Pictures aside, print all of the data below exactly as written.

- Information supplied -
====

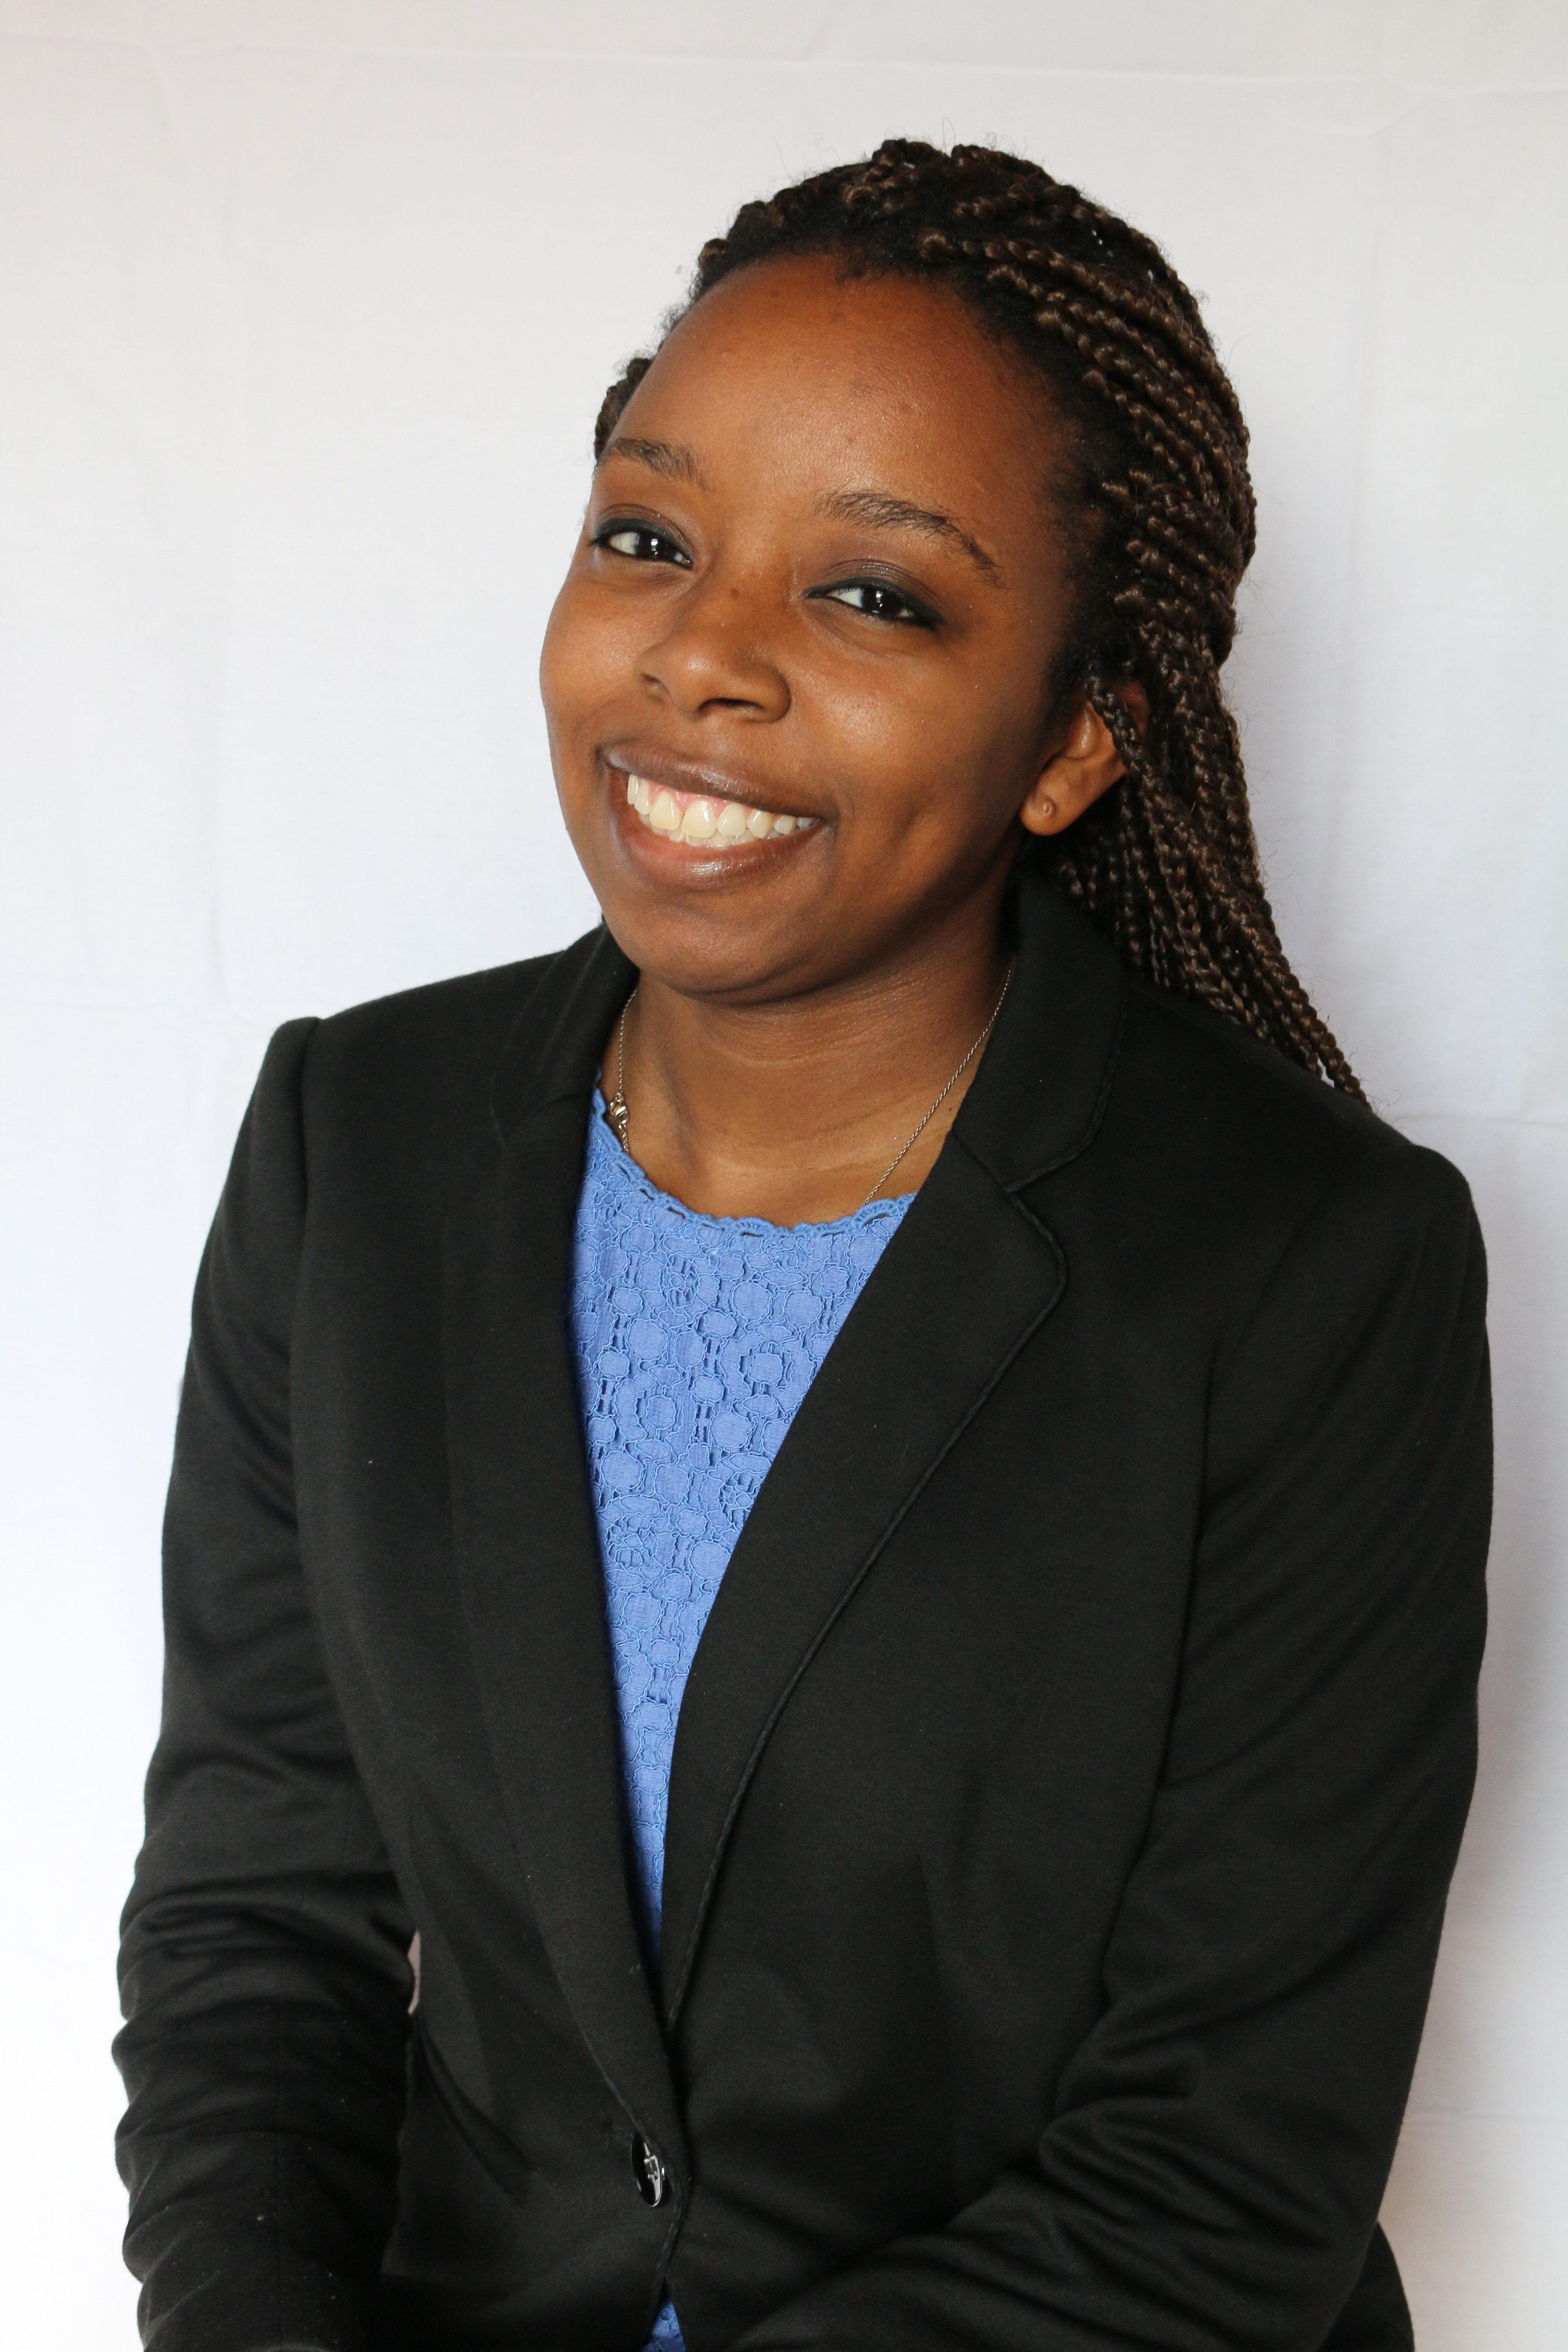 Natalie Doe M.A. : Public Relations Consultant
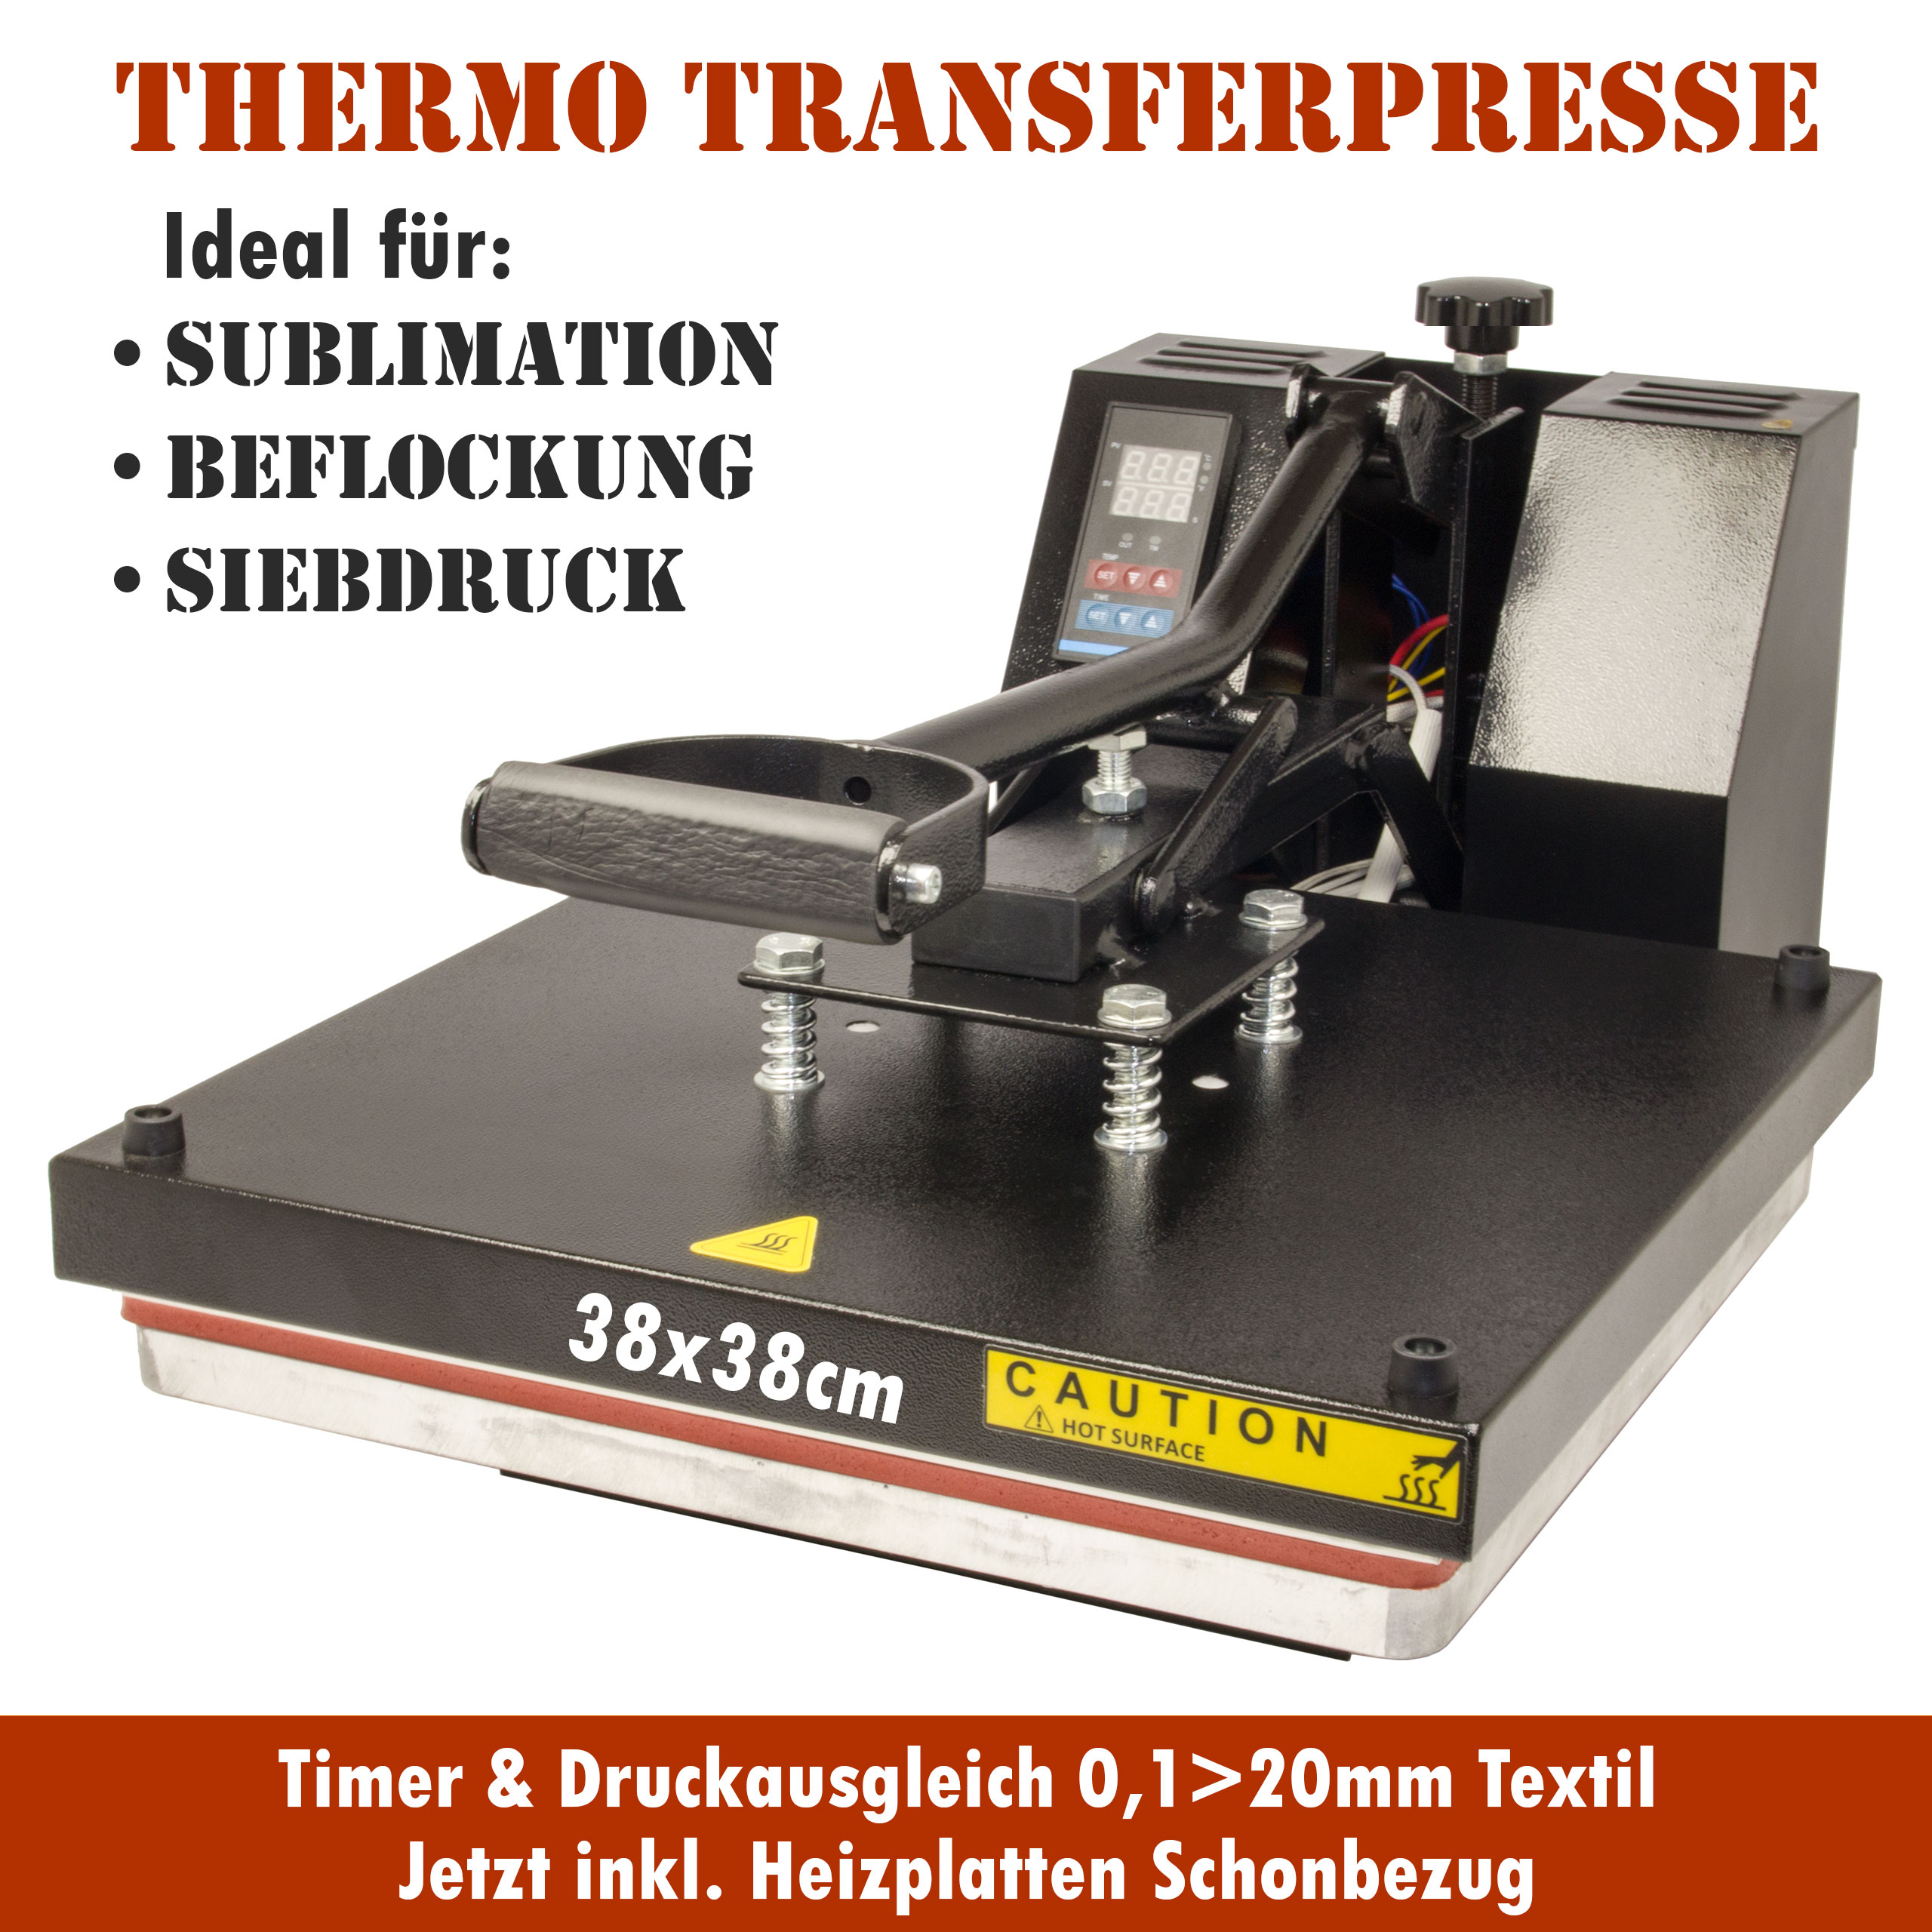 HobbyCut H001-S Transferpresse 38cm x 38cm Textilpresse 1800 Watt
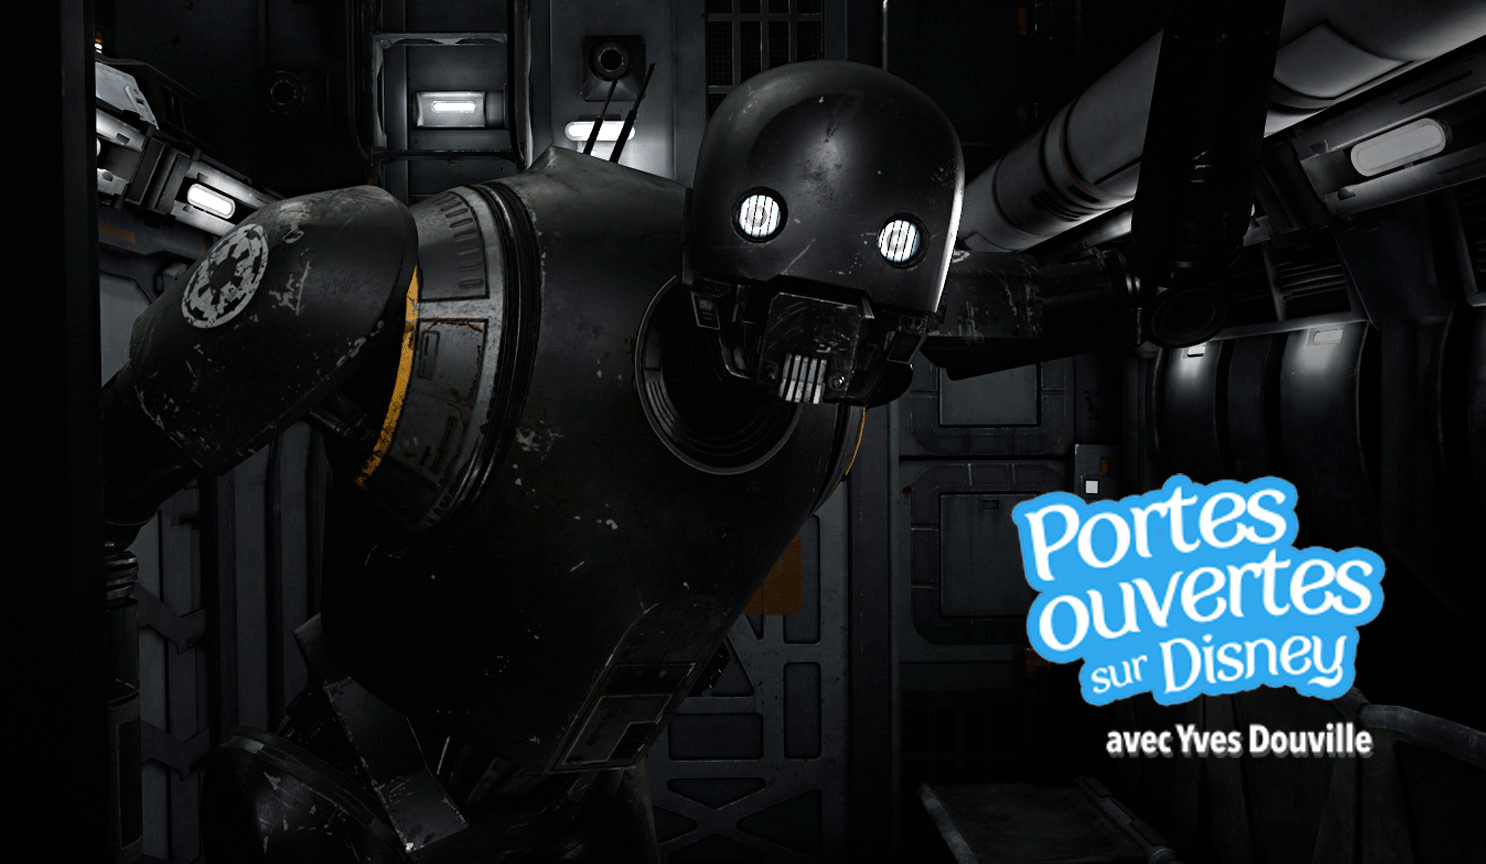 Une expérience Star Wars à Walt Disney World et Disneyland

====

- Solution to the exercise -
 Natalie Doe M.A. : Public Relations Consultant
 HobbyCut H001-S Transferpresse 38cm x 38cm Textilpresse 1800 Watt
 Une expérience Star Wars à Walt Disney World et Disneyland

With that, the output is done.